Identification of aa 100-200 as the transcriptional activation domain for WC-1.

(A) Schematic depiction of the domain architecture of the WC-1 protein. WC-1 contains 1,167 amino acids and black bars with corresponding numbers of amino acids represent different deletions of the N-terminal region of WC-1. AUG(long) and AUG(short) mark the beginnings of long and short forms of WC-1; PolyQ, putative transcription activation domain; LOV, light, oxygen, or voltage domain containing FAD chromophore binding site; PAS, Per-Arnt-Sim domain mediating interaction with WC-2; NLS, putative nuclear localization signal; Zn, zinc finger DNA-binding domain (B) Racetube analyses of wild-type (WT) and WC-1 deletion strains. Period is reported in hours ± one standard deviation, n = number of racetubes. Replicate tubes are shown, and the vertical black lines in racetubes mark daily growth fronts of the strains. 328-4 (ras-1bd A) served as the WT. Strains bearing deletions of both polyQs (Δ16-57 and 1097-1128), Δ1-100, and Δ201-300 showed WT circadian periods. Strains lacking aa 100-200 (Δ1-200, Δ1-300, and Δ101-200) are arrhythmic (C) Results from quantitative RT-PCR analysis of frq and wc-1 mRNA levels in WT and in the wc-1 deletion strains noted. (D) Western blot showing expression levels of WC-1 and FRQ in WT and wc-1 mutants. LL, constant light; DD, hours after the light to dark transition; CT, circadian time.
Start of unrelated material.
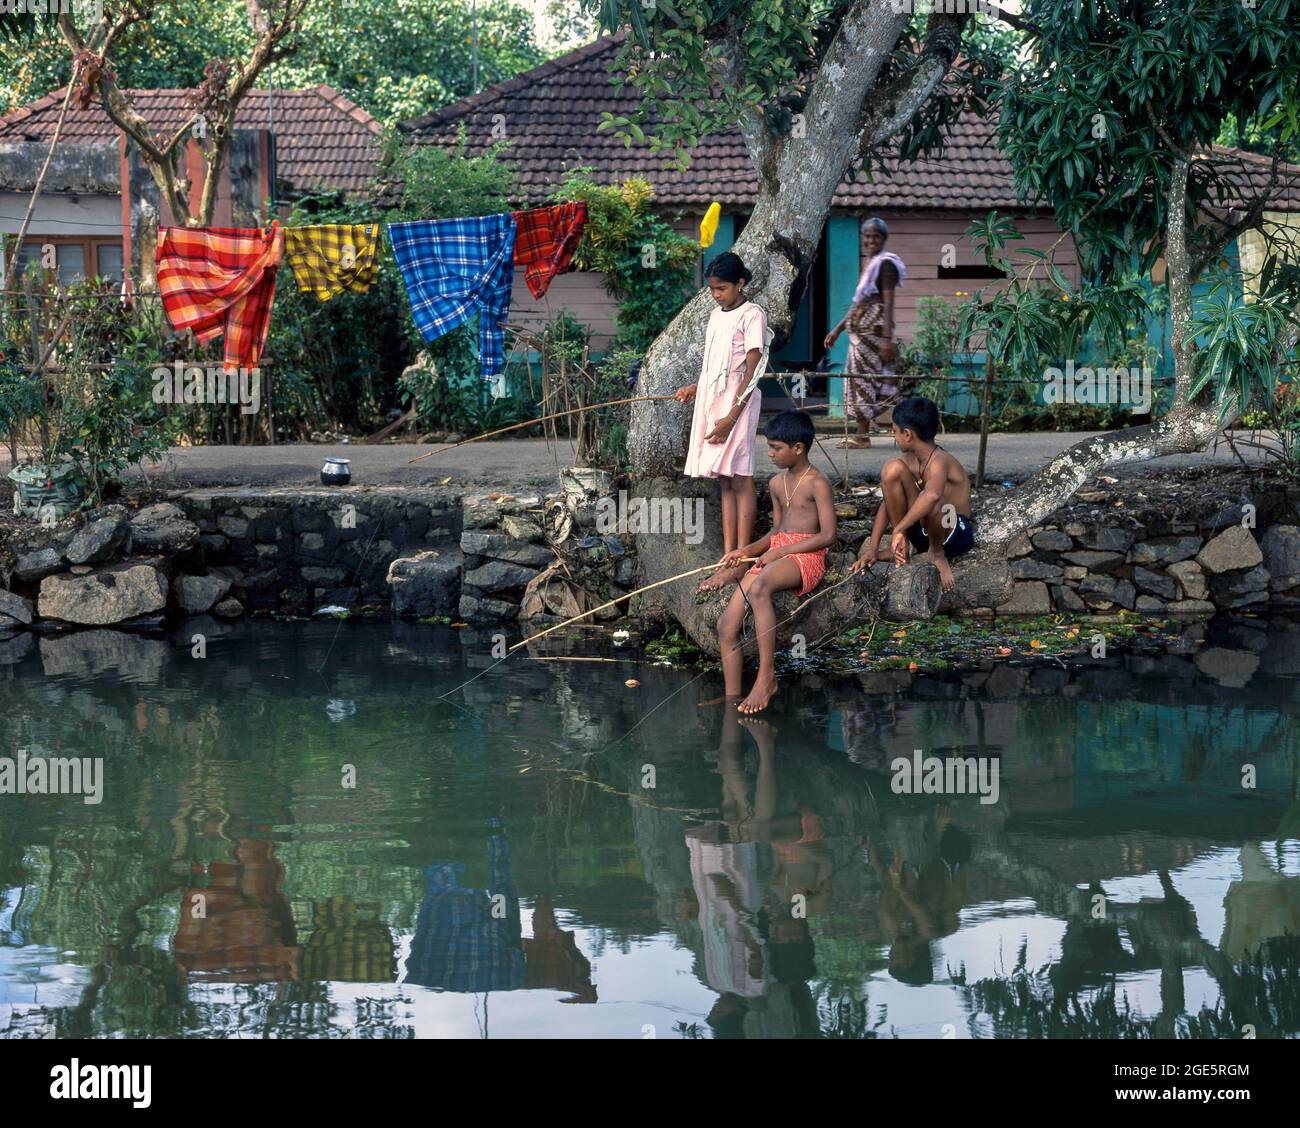 Children fishing in the Backwaters of Kuttanad, Alapuzha; Aleppey, Kerala, India Stock Photo

Both WT WC-1 and mutants were C-terminally tagged with V5. Δ101-200 showed a significant decrease of frq expression and further deletion of aa 1-200 or 1-300 further dimished frq expression. Elimination of the two polyQs (Δ16-57 and 1097-1128; four progeny of identical genetype from one cross are shown) had no impact on FRQ level at CT5.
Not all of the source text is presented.